Reproduce the listing exactly and skip over any pictures.

> COLLECTED DATA
Start of Block
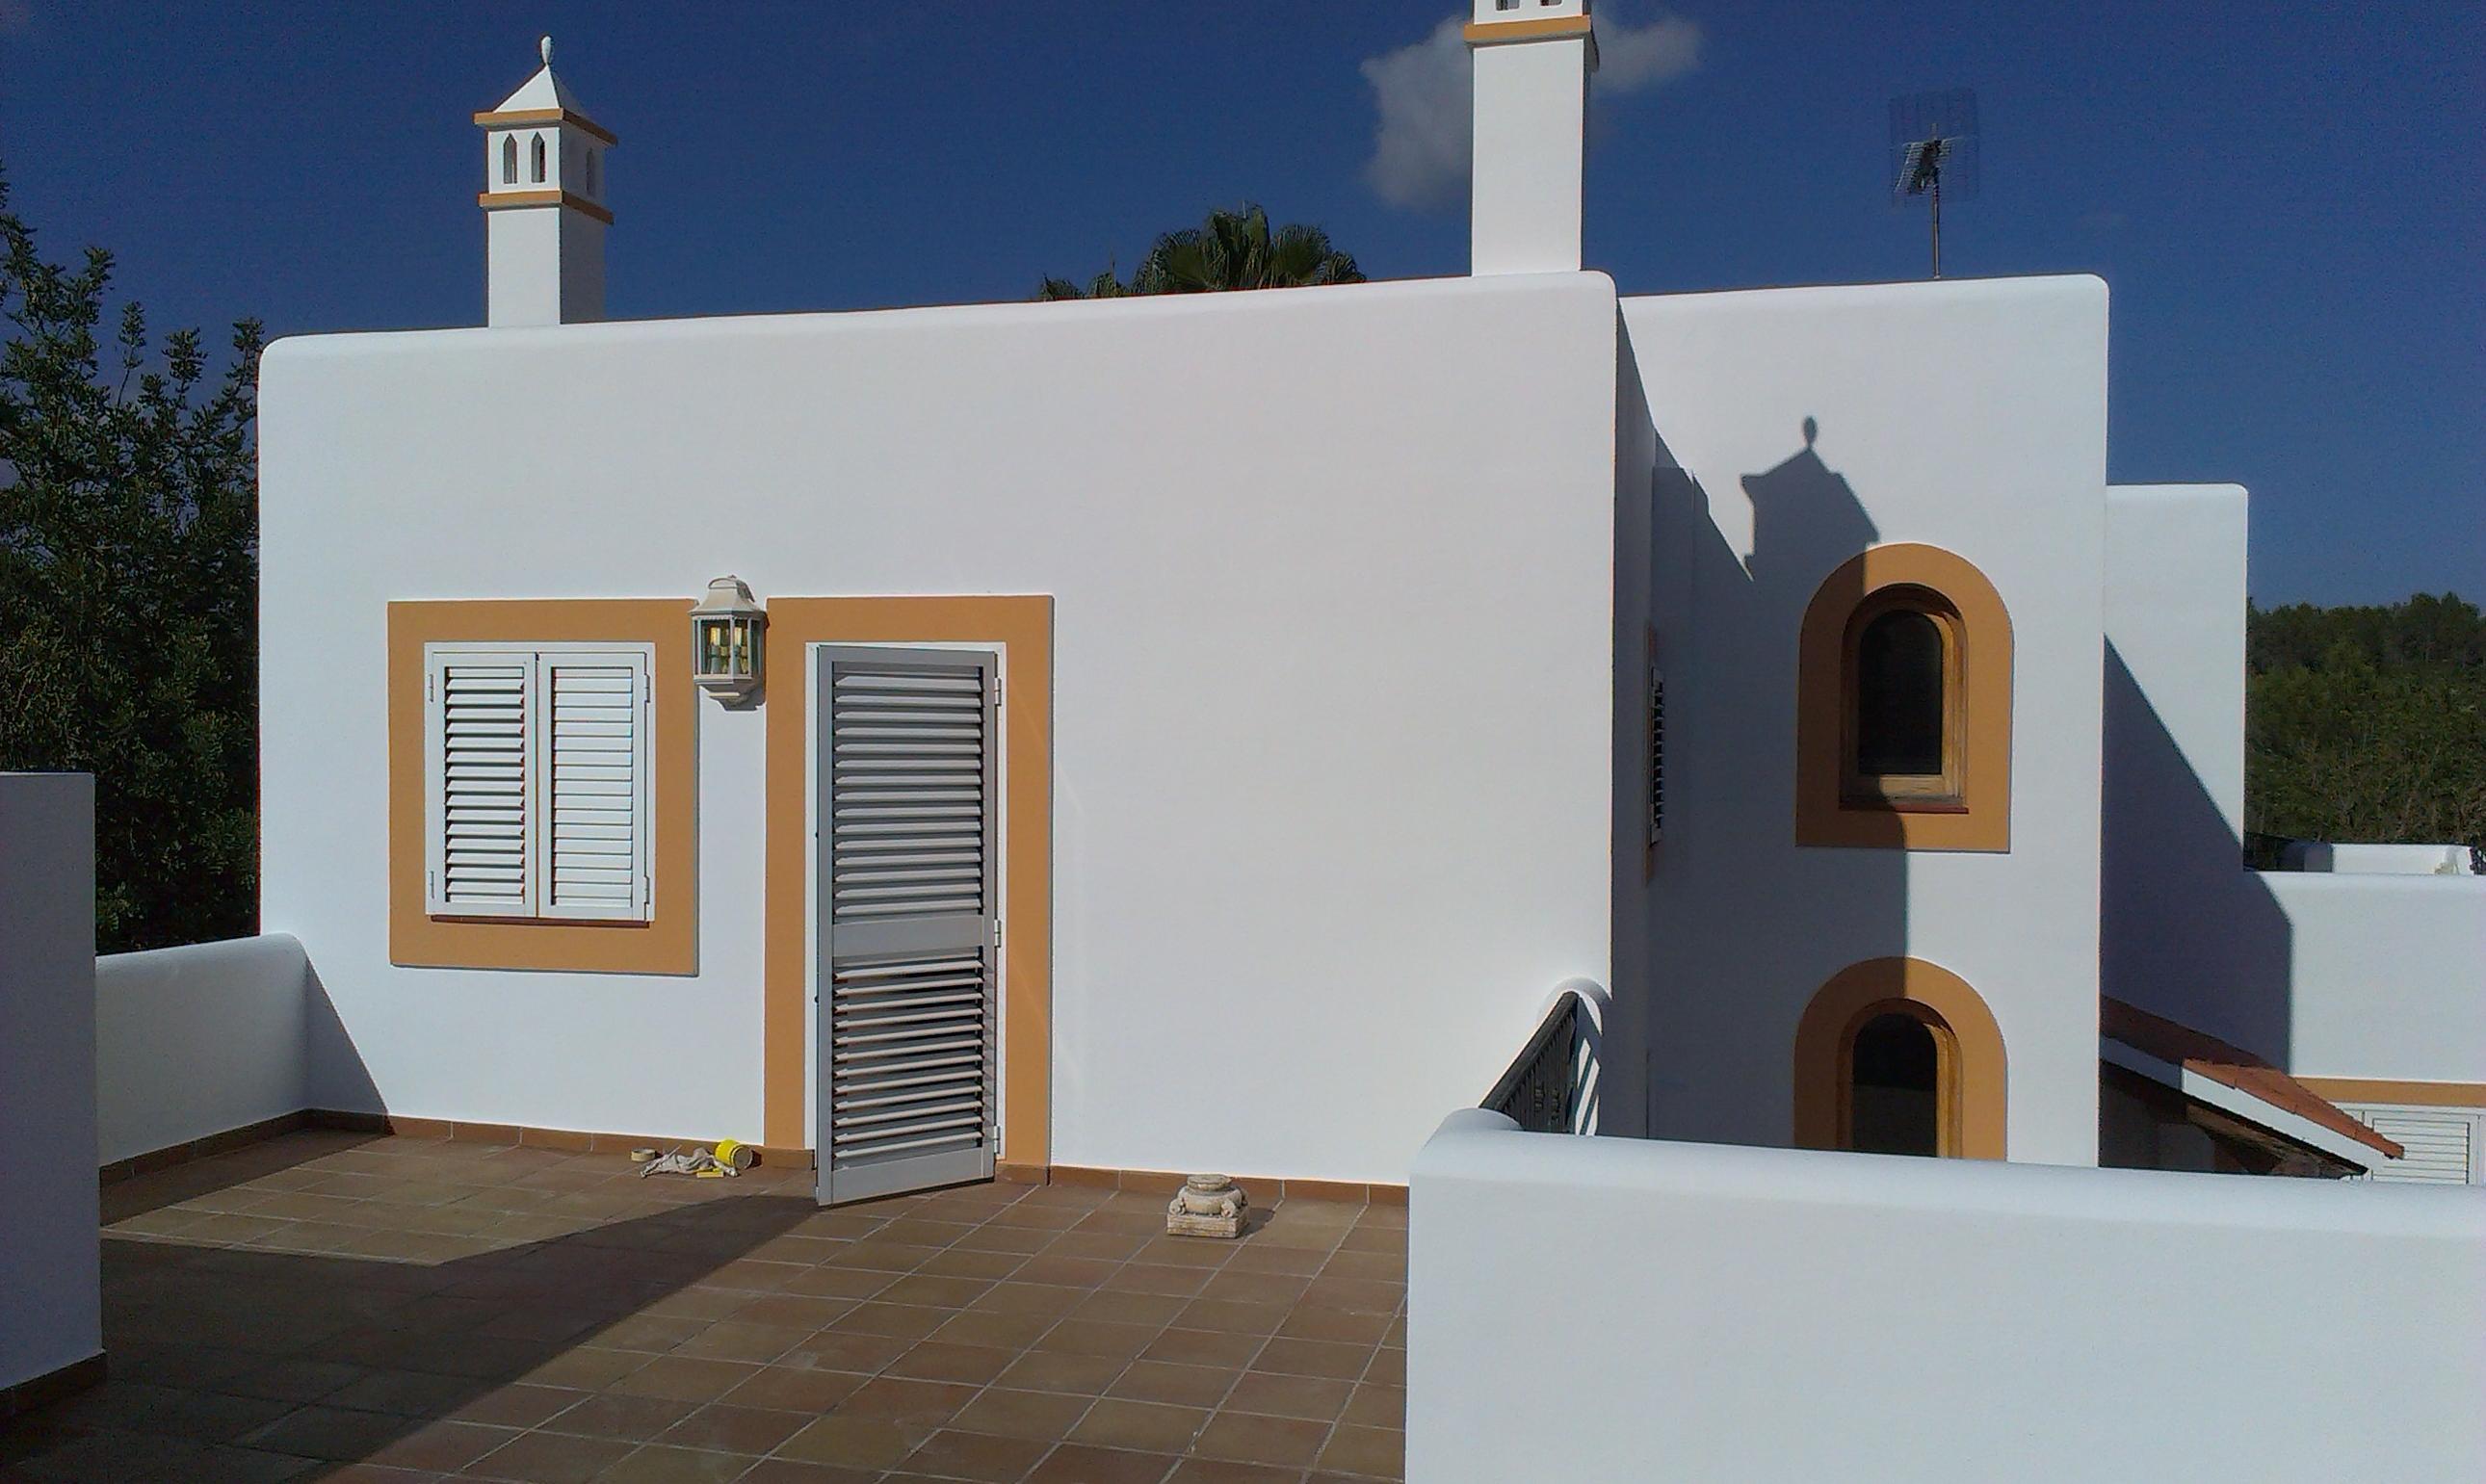 Rehabilitación de chalet  en Santa Gertrudis. Saneado de fachada con agua a presión, lucido rustico y pintura a dos colores.
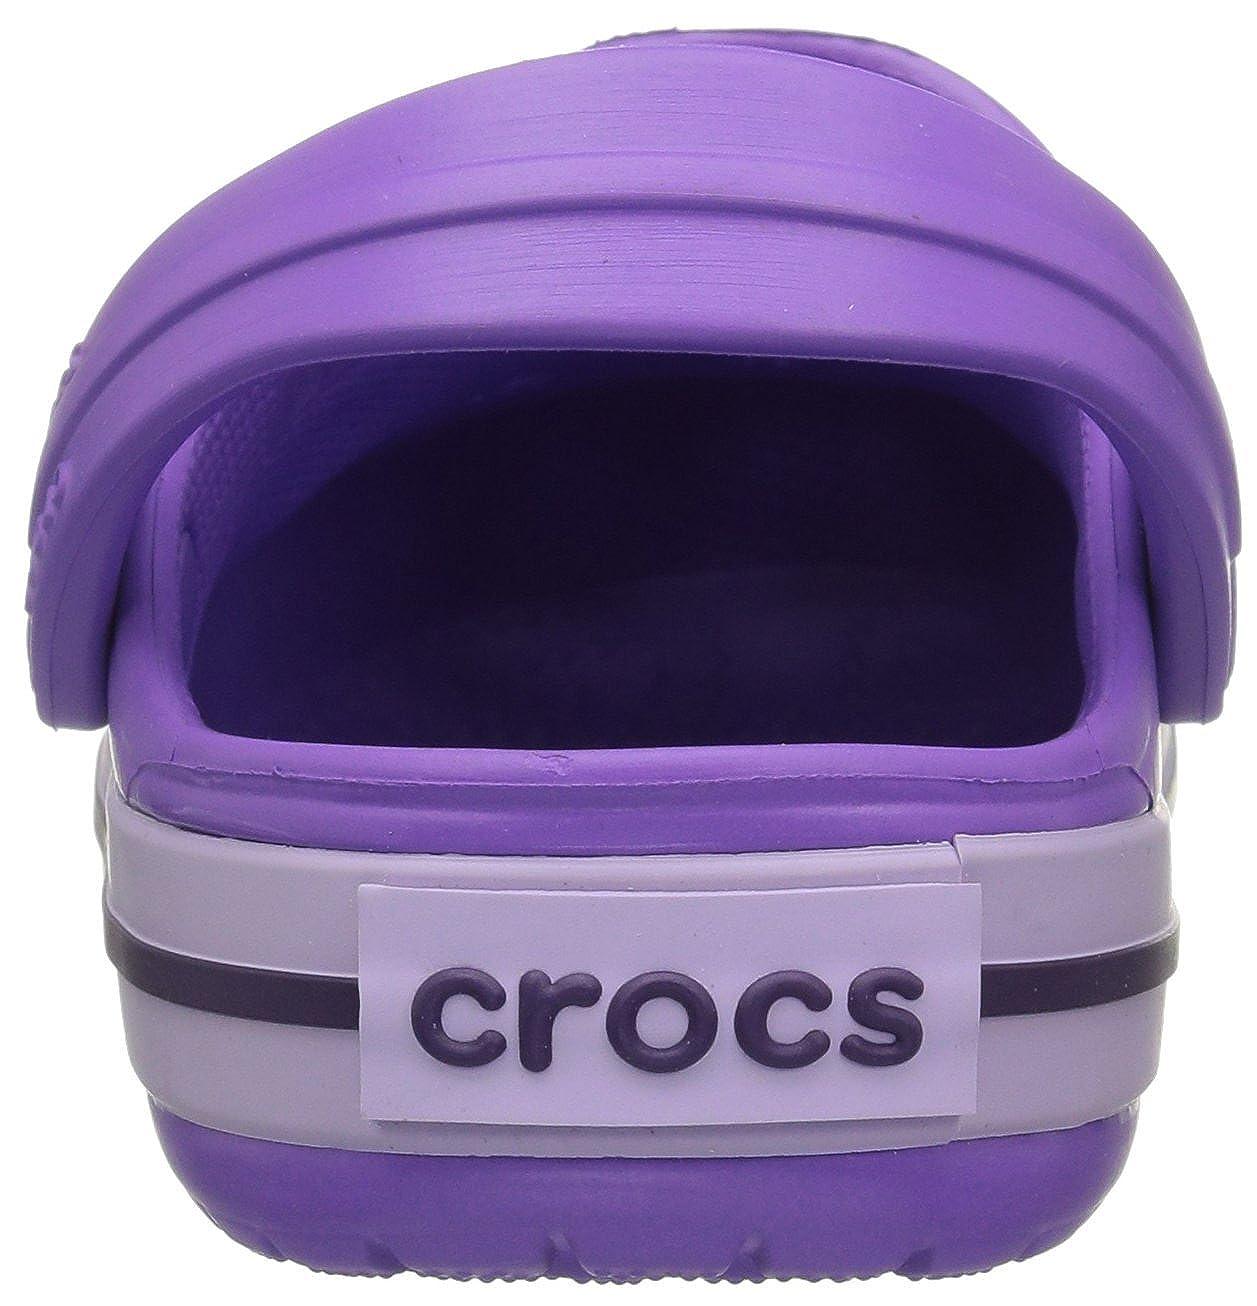 Slip On Water Shoe for Toddlers Girls Lightweight Crocs Kids Crocband Clog Boys
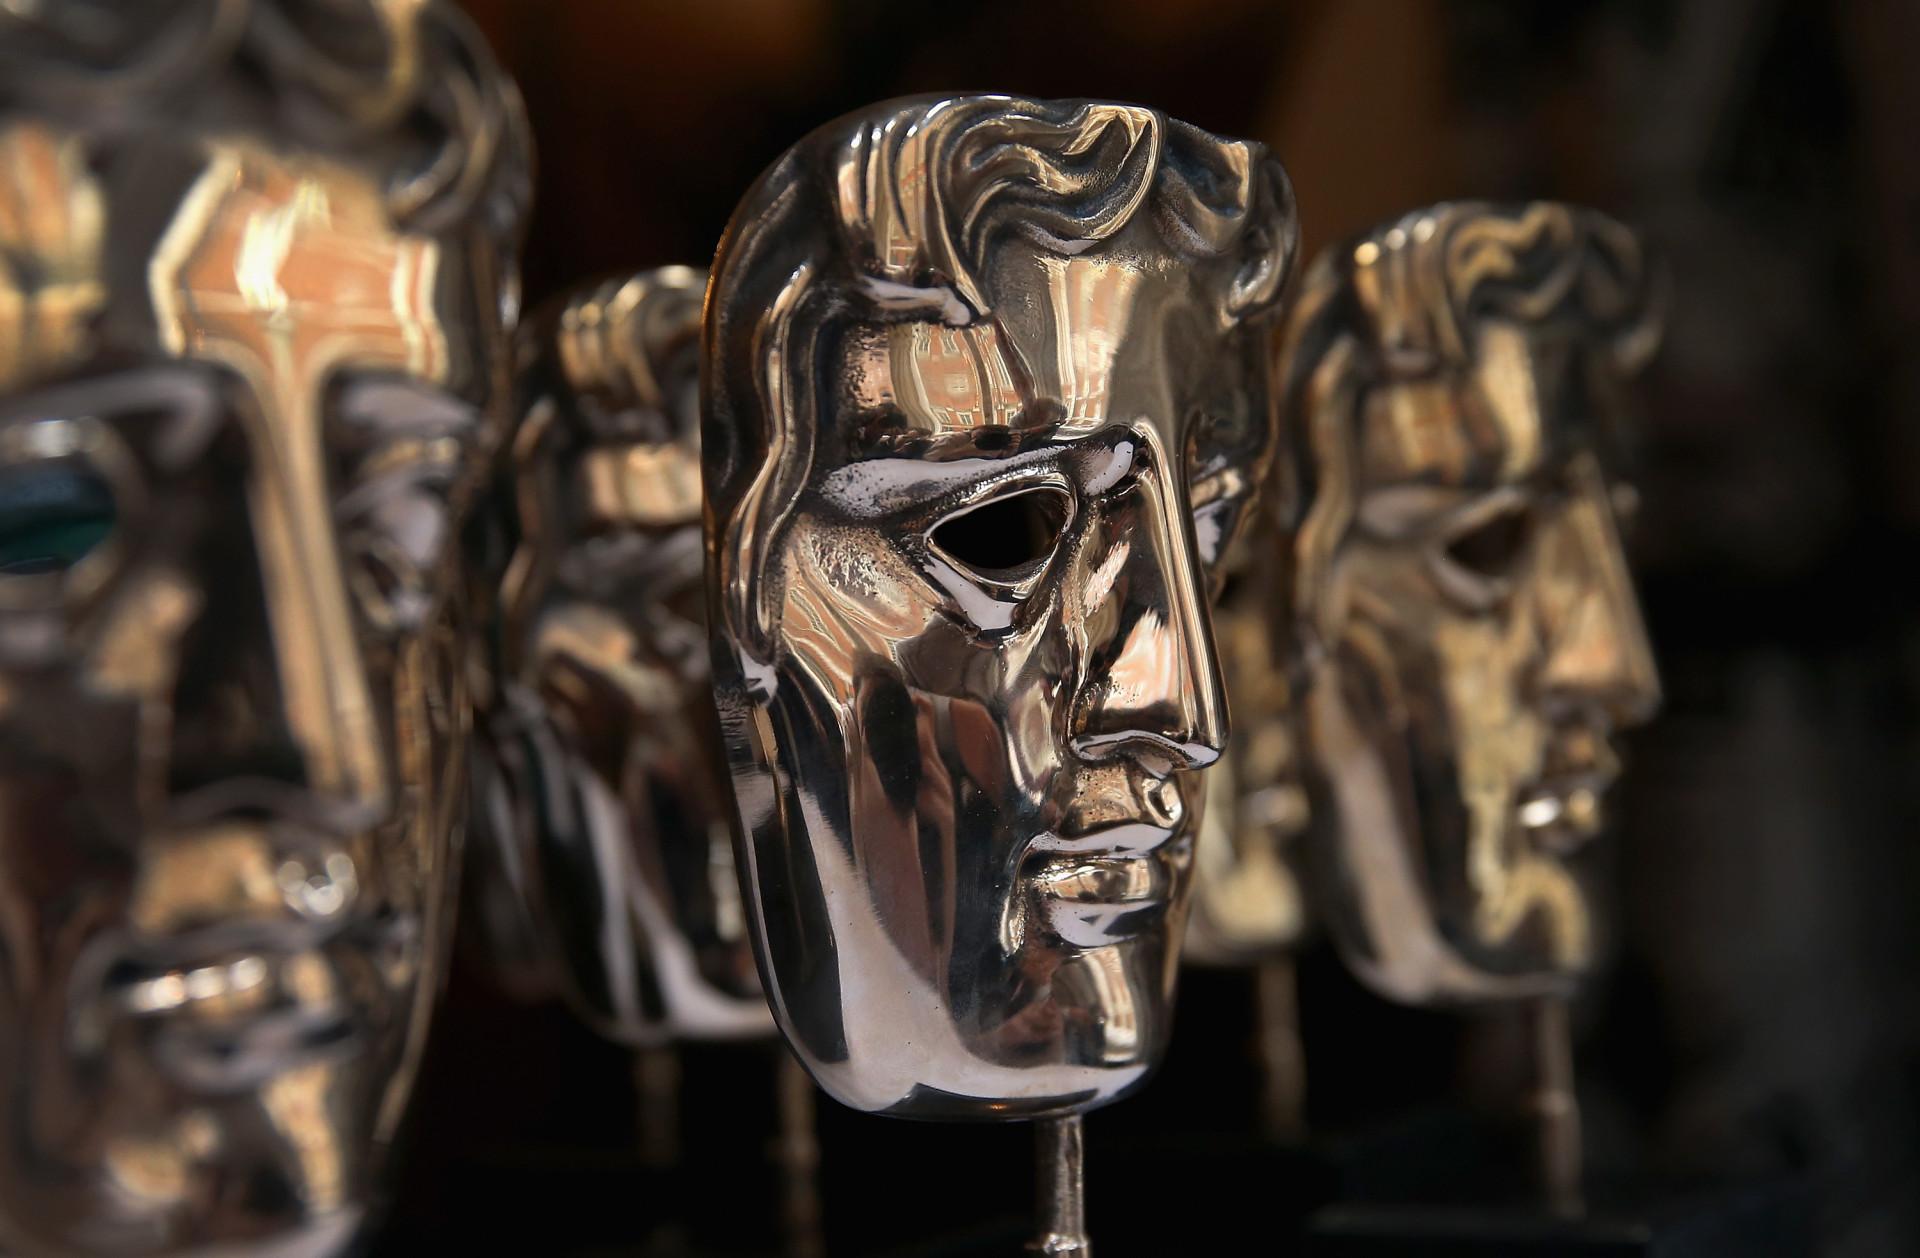 The LGBT wins at the 2019 BAFTA Awards
End of Block
> WRITTEN SOLUTION
 Rehabilitación de chalet  en Santa Gertrudis. Saneado de fachada con agua a presión, lucido rustico y pintura a dos colores.
 Slip On Water Shoe for Toddlers Girls Lightweight Crocs Kids Crocband Clog Boys
 The LGBT wins at the 2019 BAFTA Awards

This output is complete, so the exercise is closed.